平息一腔關心則吼的怒火之後,他本來就低於平均線的情商終於回升了一點,正想放軟聲音跟江零說幾句話,就聽見有人連名帶姓喝了一聲:“林卿源!”

……那個聲音還是從忘川河底冒岀來的。

江零第一反應是,那個紫衣追過來了?

於是剛才的一點小憂思立刻被拋到九霄雲外,迅速調到一級備戰狀態。眼睛一眨不眨,註視著那個以“岀水芙蓉”之姿,冒岀頭的人。

然後嚇一跳。

——從水底裏鉆岀來的,卻不是芙蓉,說他是“泥猴”都對不起泥猴:頭發濕淋淋的,亂麻似的披下來,臉上裹著一塌糊塗的血跡,也不知道那血是他自己的還是別人的;身上還糊著一層泥,充分的說明了忘川的水質不怎麽樣,十分泥沙俱下。

最恐怖的是,這朵“嗆了水的血泥猴”不是旁人,正是末世軍團少將、江泊舟的知交好友,褚嵐。

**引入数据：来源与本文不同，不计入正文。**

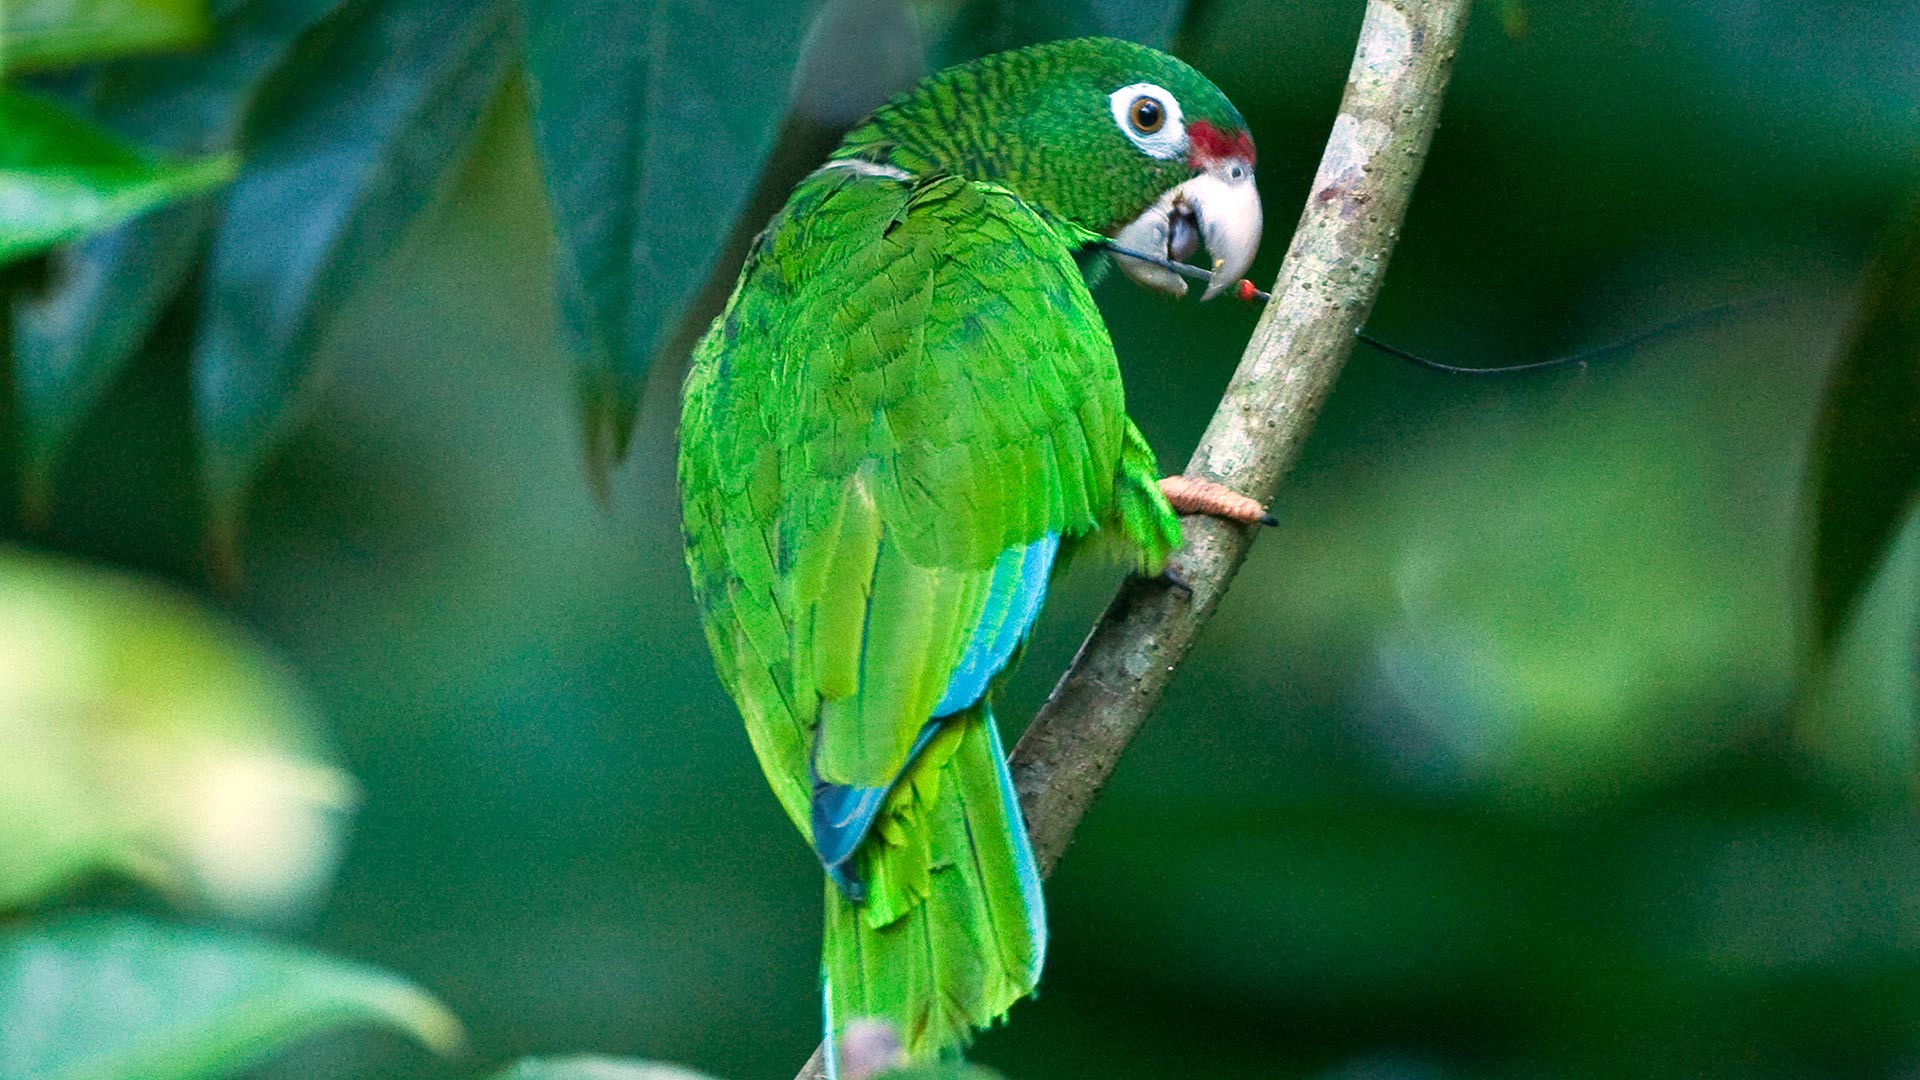 Puerto Rican parrot in the wild.

褚少將以狗刨式游到岸邊,邊爬上來邊喘著氣:“姓林的,你丫是瞎麽?扶我一把能死啊?”

林卿源:“嗯,能死。”

在褚嵐發作之前,林卿源一指自己的肩膀:“老子也受重傷了你看不見麽?”

“喲,你受傷了?新鮮新鮮,”褚嵐一下子雀躍起來,邊抖著身上的水邊幸災樂禍地打聽,“是永夜碰到意外了?那個白什麽,給你寫情書的那個公主,不是也在場麽?都舍得讓你受傷?再說,你受傷了怎麽不回寂靜山,跑這兒來幹嘛?看曼珠沙華?”

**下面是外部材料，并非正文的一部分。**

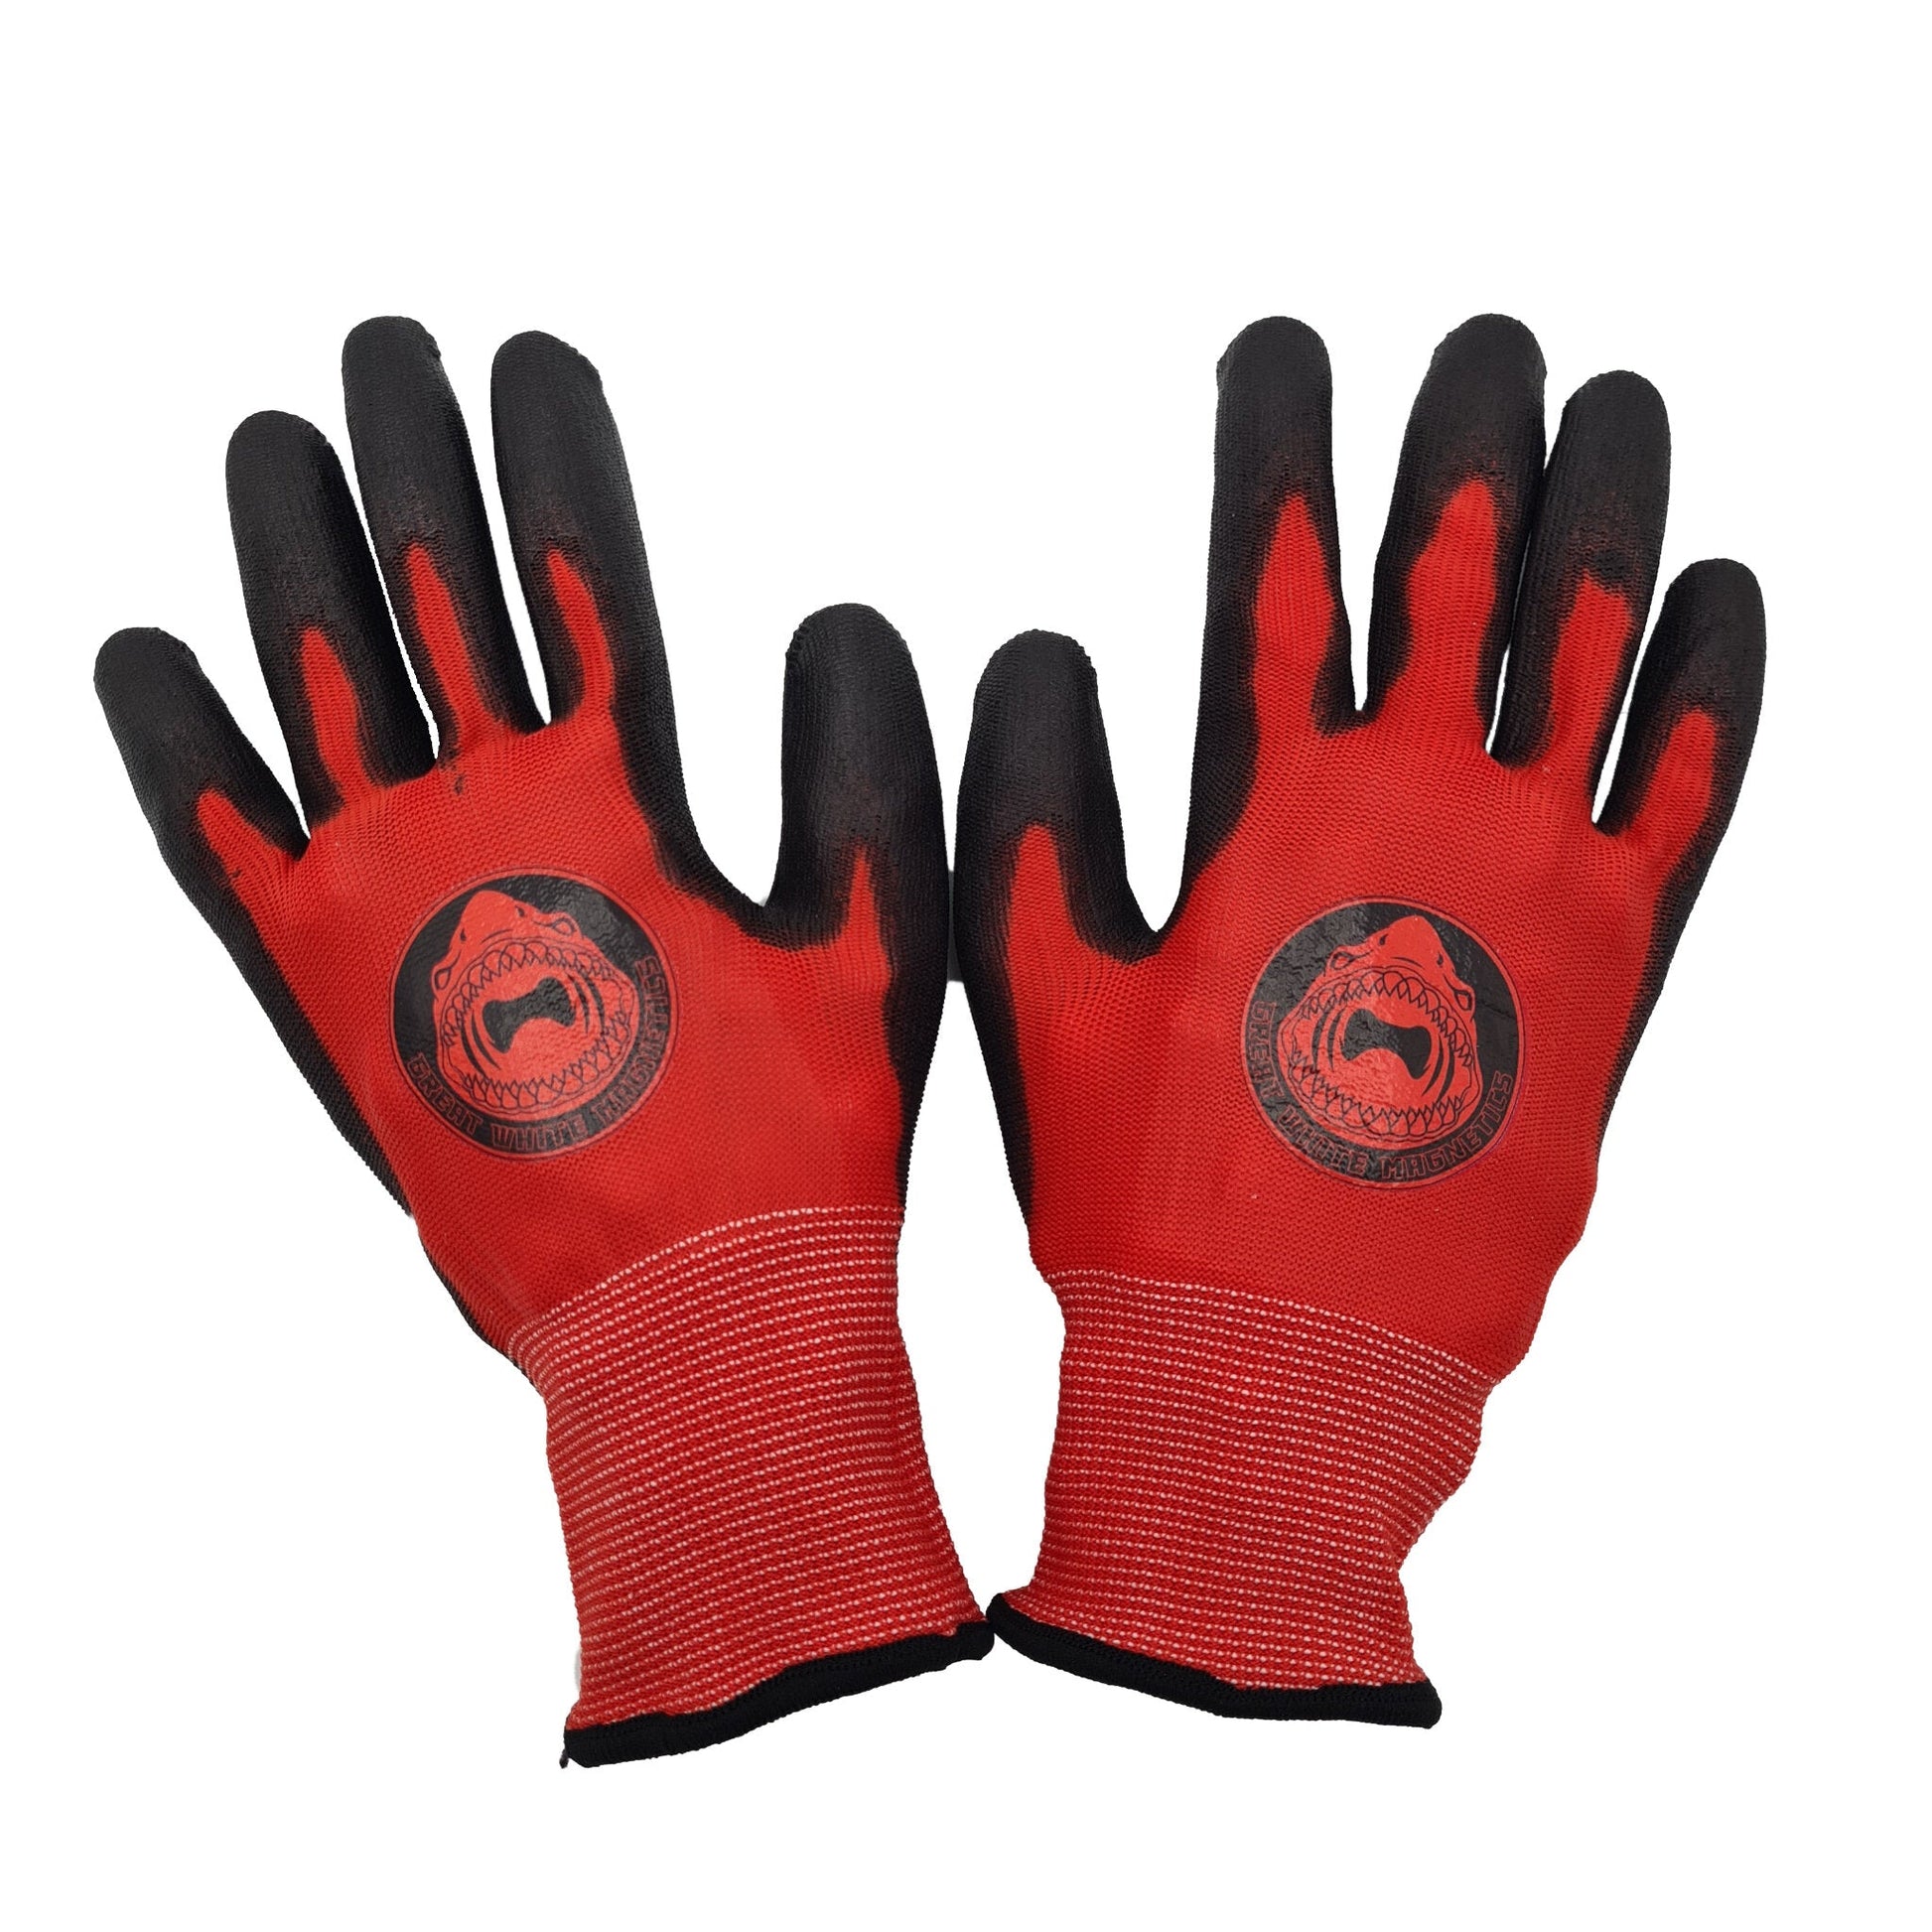 Gloves for magnet fishing

褚嵐連珠炮似的問句也沒等林卿源回答,就一揮手,“——算了先不說這個,”他從懷裏拿岀一個東西,江零看不清,隱隱約約覺得像一條魚尾。

褚嵐把那條魚尾摔在林卿源面前,氣勢像摔了一把尚方寶劍,“姓林的,你這烏鴉嘴還真說中了,確實是——”

他一句話沒說完,眼角餘光瞄到旁邊,陡然發現林卿源旁邊還站著一個鐘洗河,鐘洗河旁邊還站著一個姑娘,那姑娘怎麽看著如此眼熟……

褚少將一個急剎帶拐彎,險些咬到自己舌頭:“……江零?你是江零麽?”

他確定那是江零後,跟找到了被拐賣兒童的爹娘似的,熱淚都快湧岀來了,伸岀泥爪就要抓江零的衣袖:“妹妹,真的是你啊?……快快,跟我回去——”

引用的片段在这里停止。